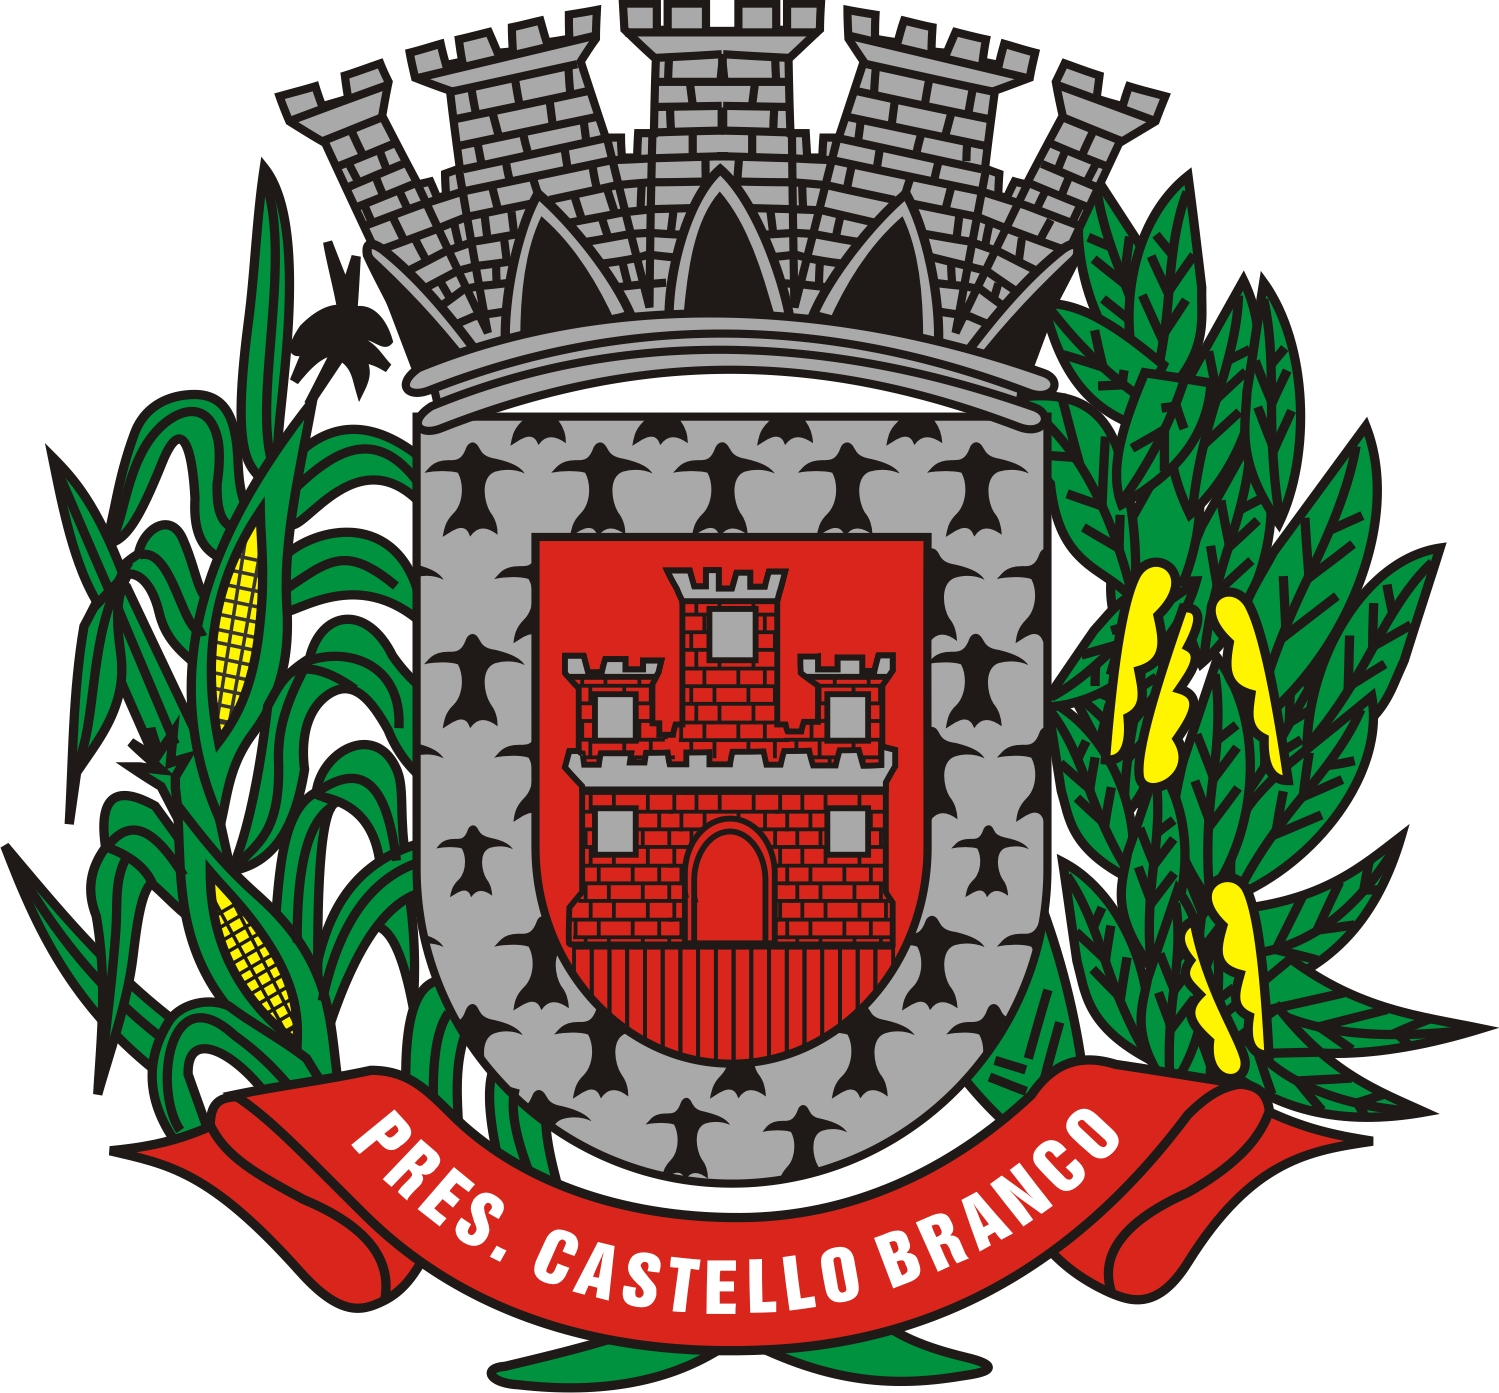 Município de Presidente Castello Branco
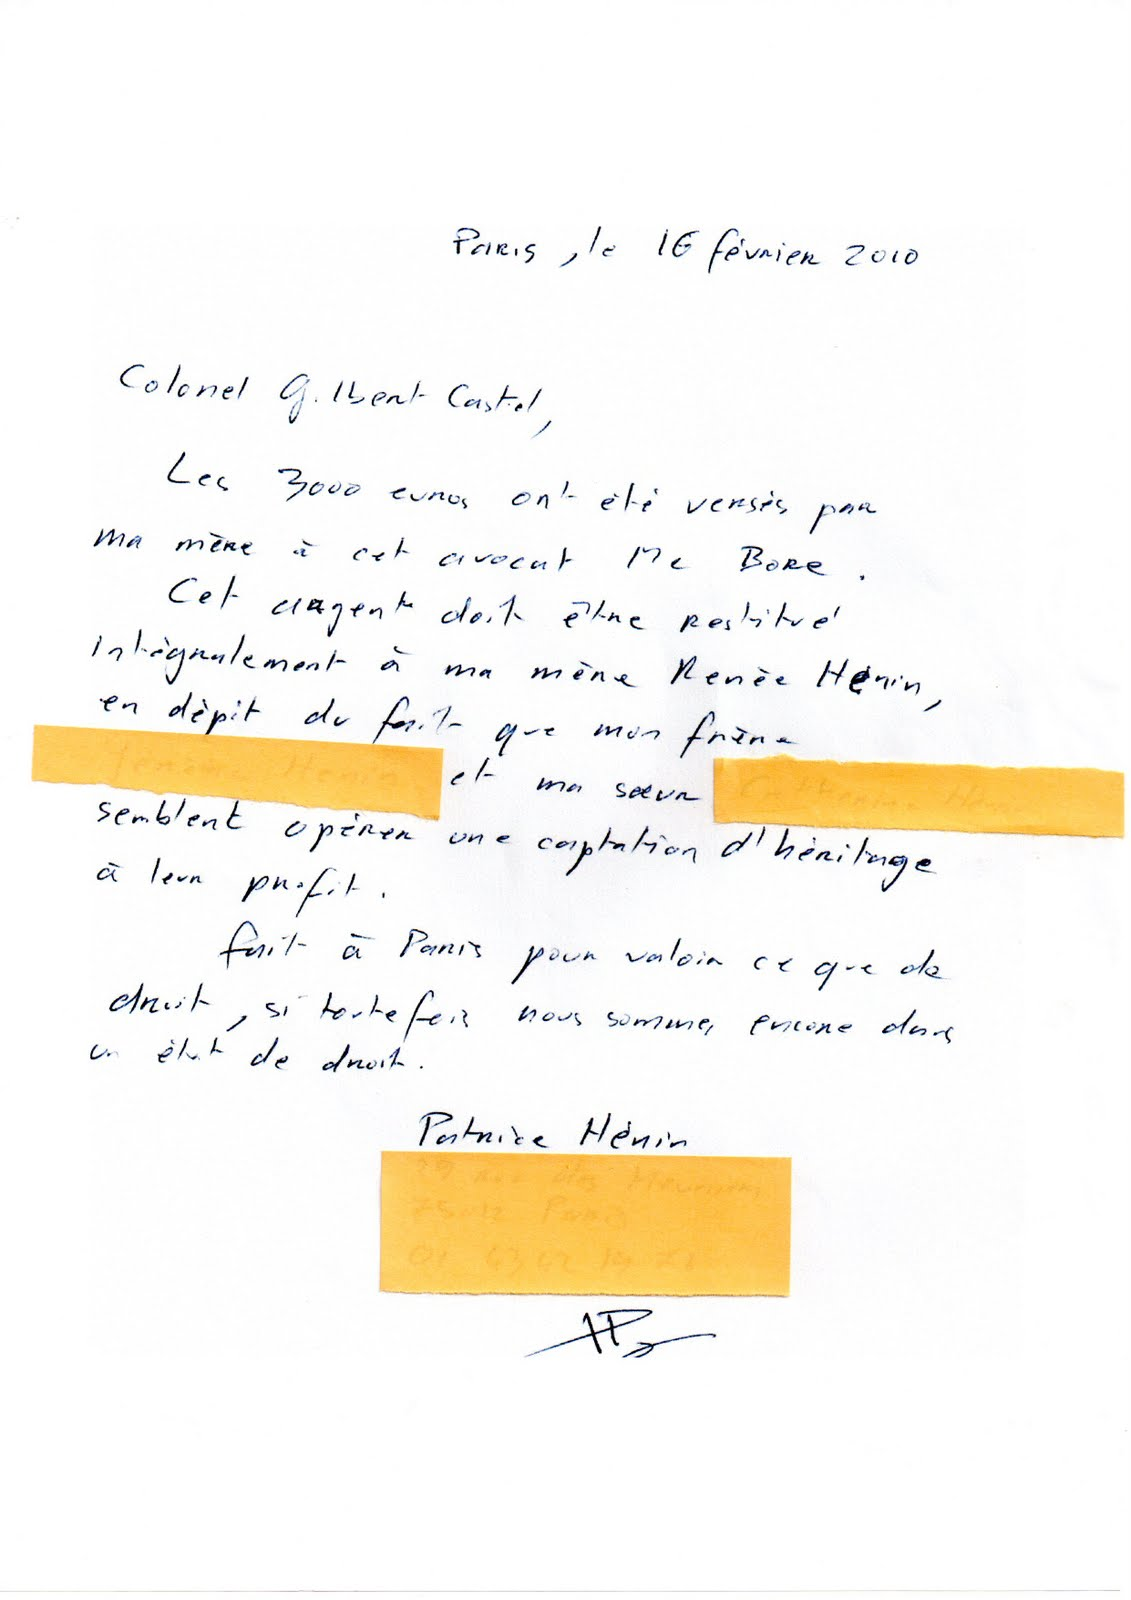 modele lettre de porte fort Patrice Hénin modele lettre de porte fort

----

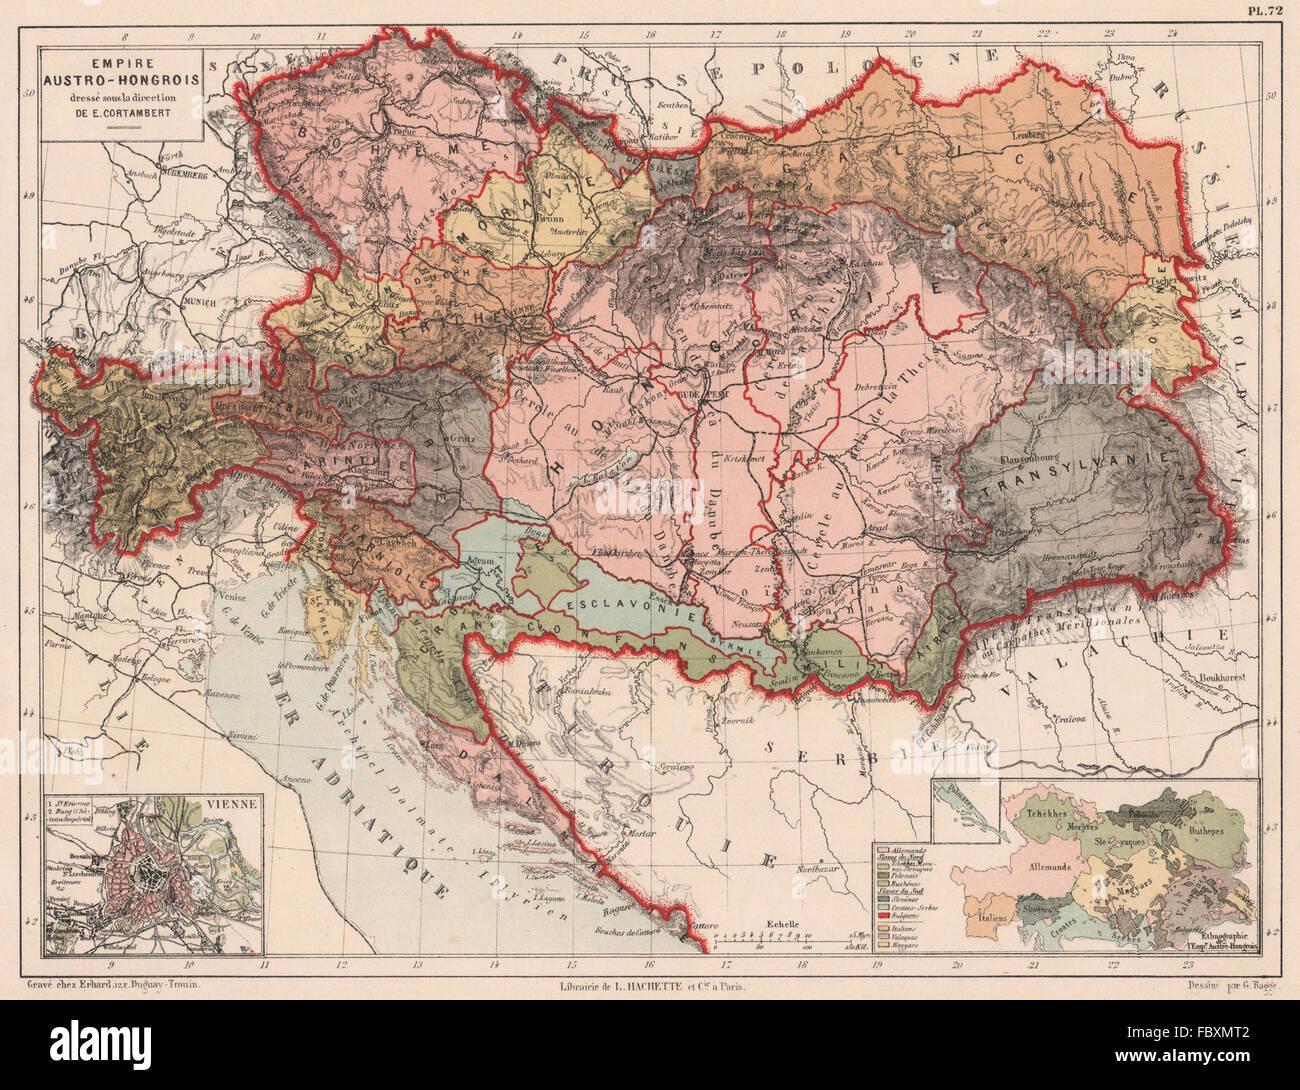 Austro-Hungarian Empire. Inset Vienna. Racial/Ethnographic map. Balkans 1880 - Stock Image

----

Task to complete:
Repeat exactly, and only, the entries from the line with "Município de Presidente Castello Branco" through the line with "modele lettre de porte fort Patrice". Pictures are skipped.

Final answer:
 Município de Presidente Castello Branco
 modele lettre de porte fort Patrice Hénin modele lettre de porte fort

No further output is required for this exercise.